### About this task
Output the whole listing exactly, with no pictures.
:: Dataset excerpt
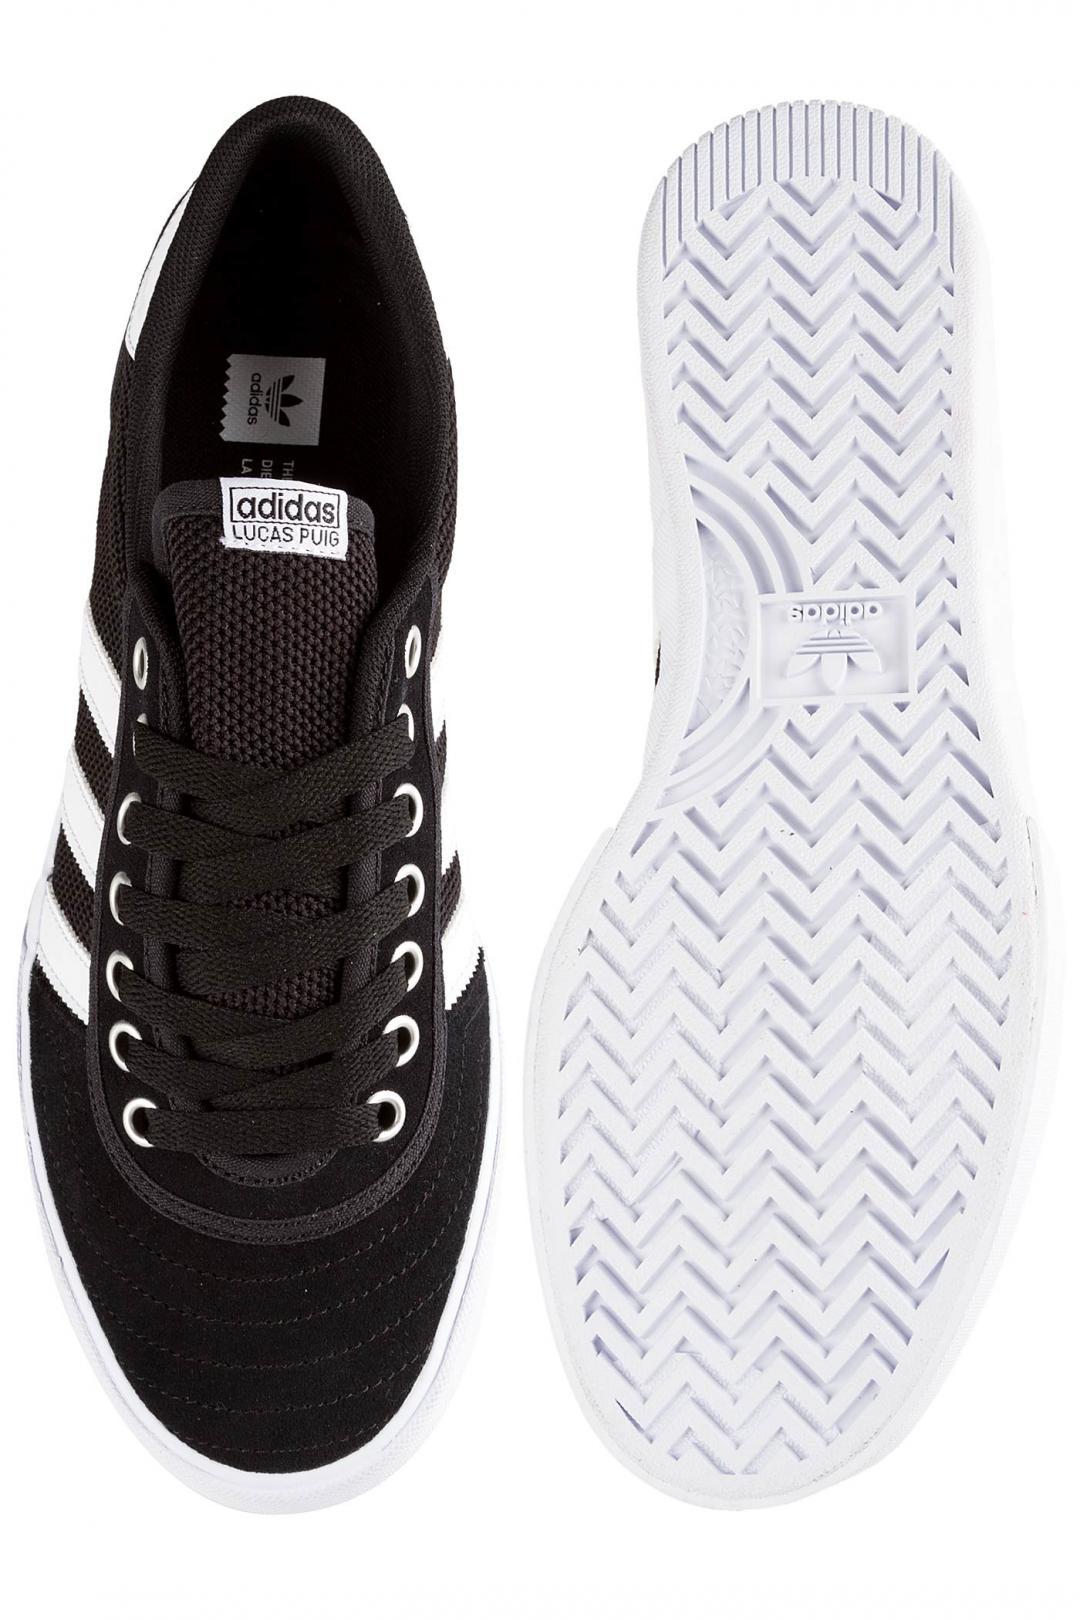 Uomo adidas Skateboarding Lucas Premiere ADV black white white | Scarpe da skate
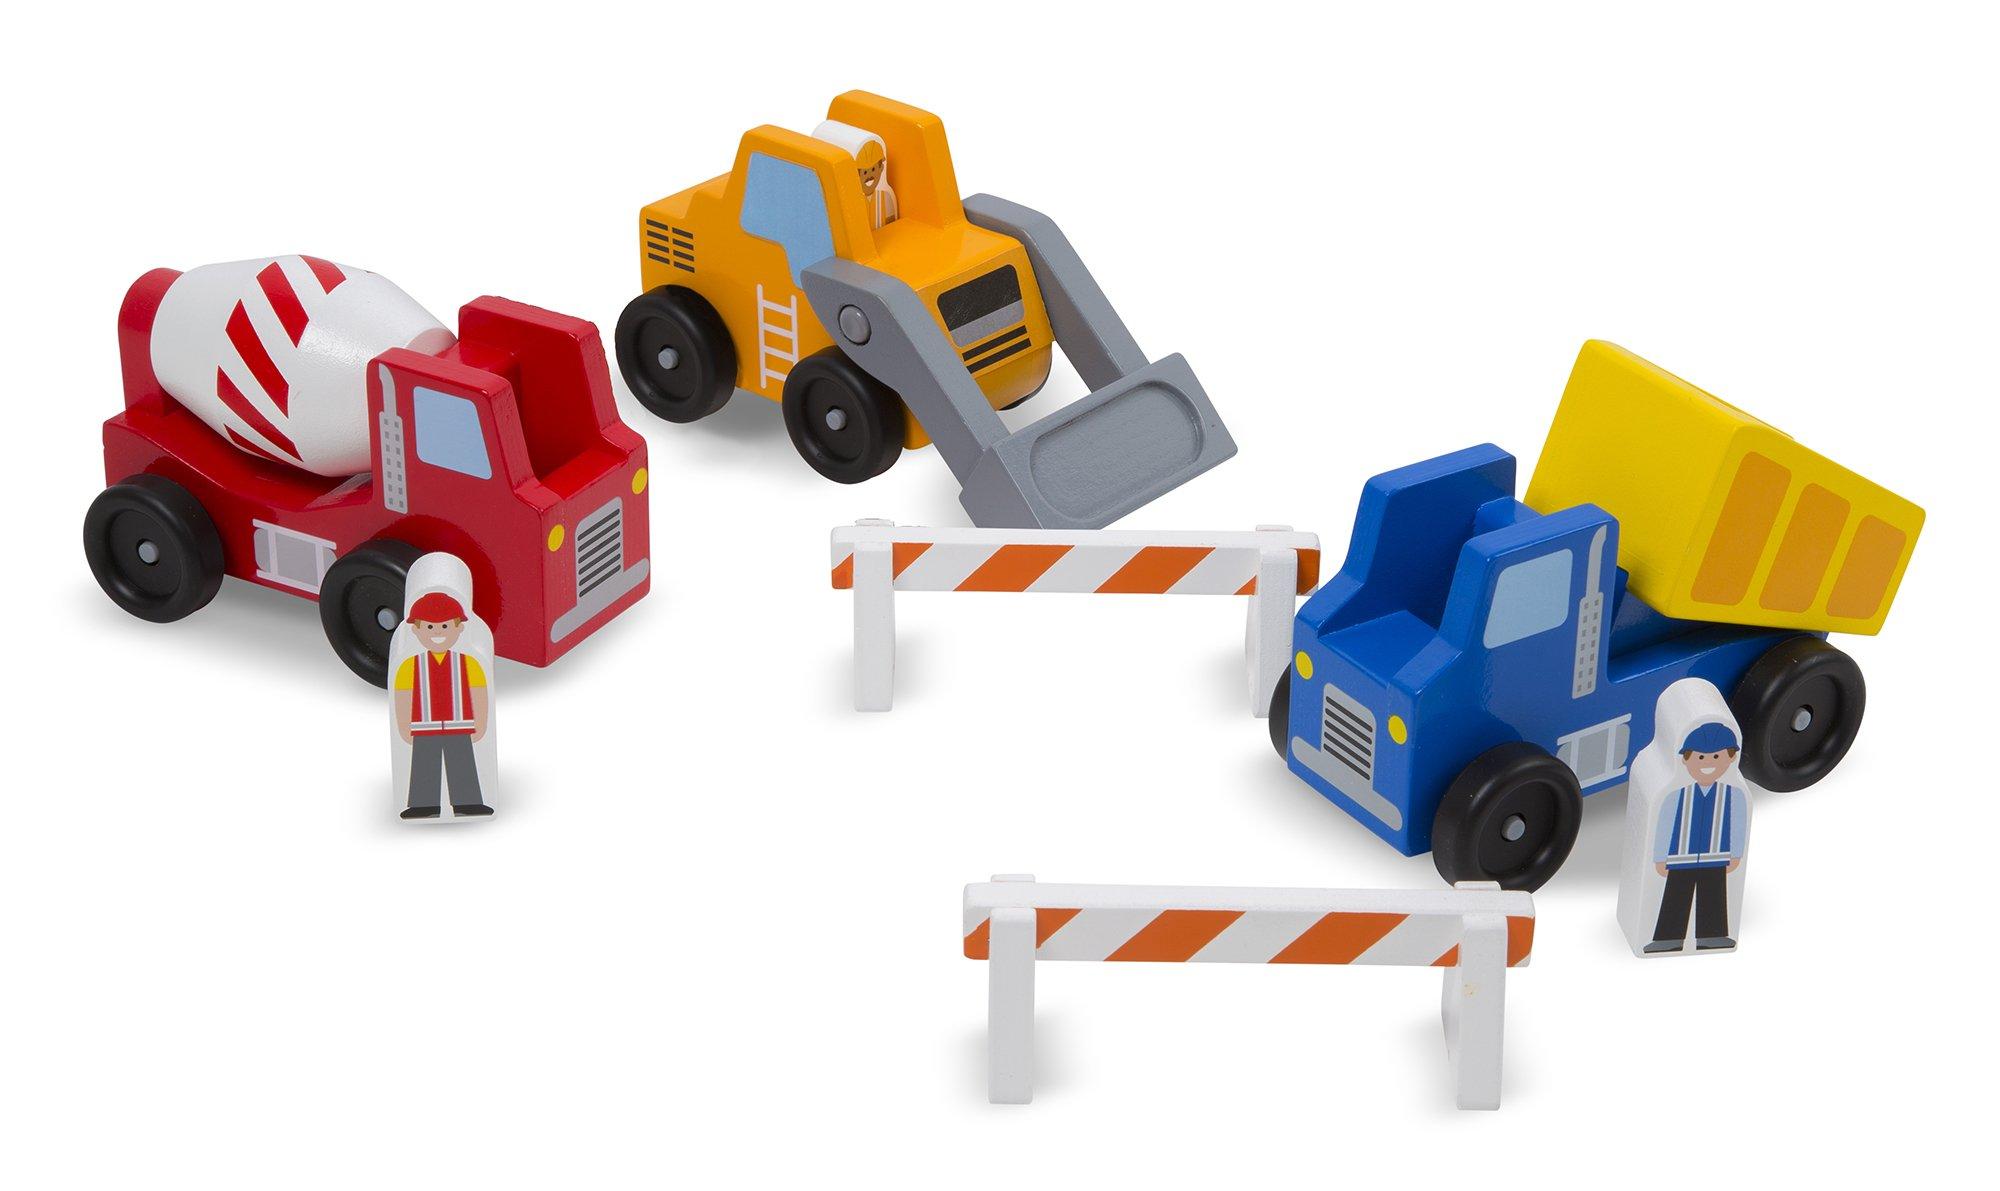 Construction Play Toys : Melissa doug construction vehicle wooden play set pcs
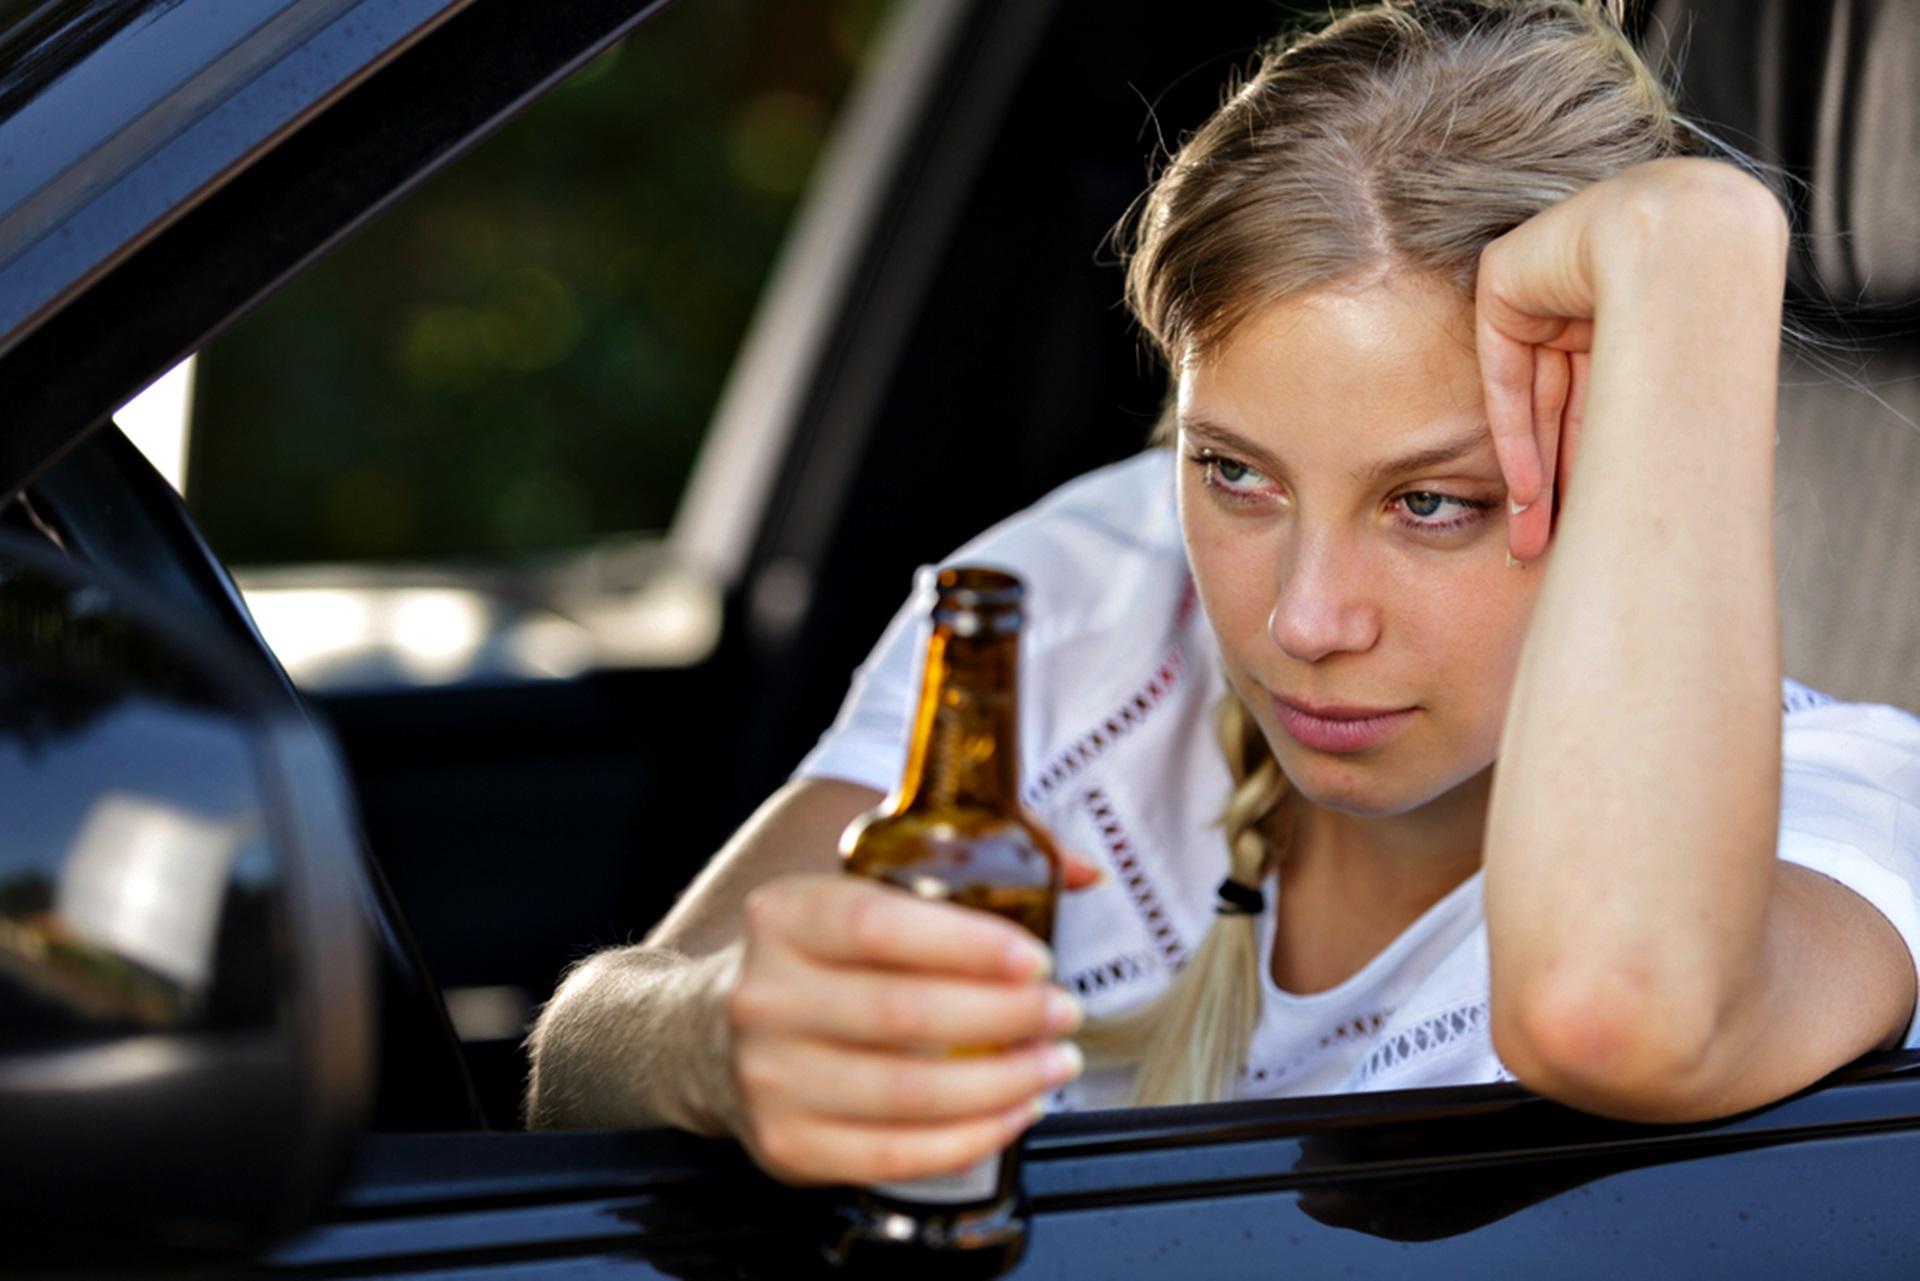 Test Alcohol Borracho Foto Fuente Dgt
::::
### Reply
 Uomo adidas Skateboarding Lucas Premiere ADV black white white | Scarpe da skate
 Construction Play Toys : Melissa doug construction vehicle wooden play set pcs
 Test Alcohol Borracho Foto Fuente Dgt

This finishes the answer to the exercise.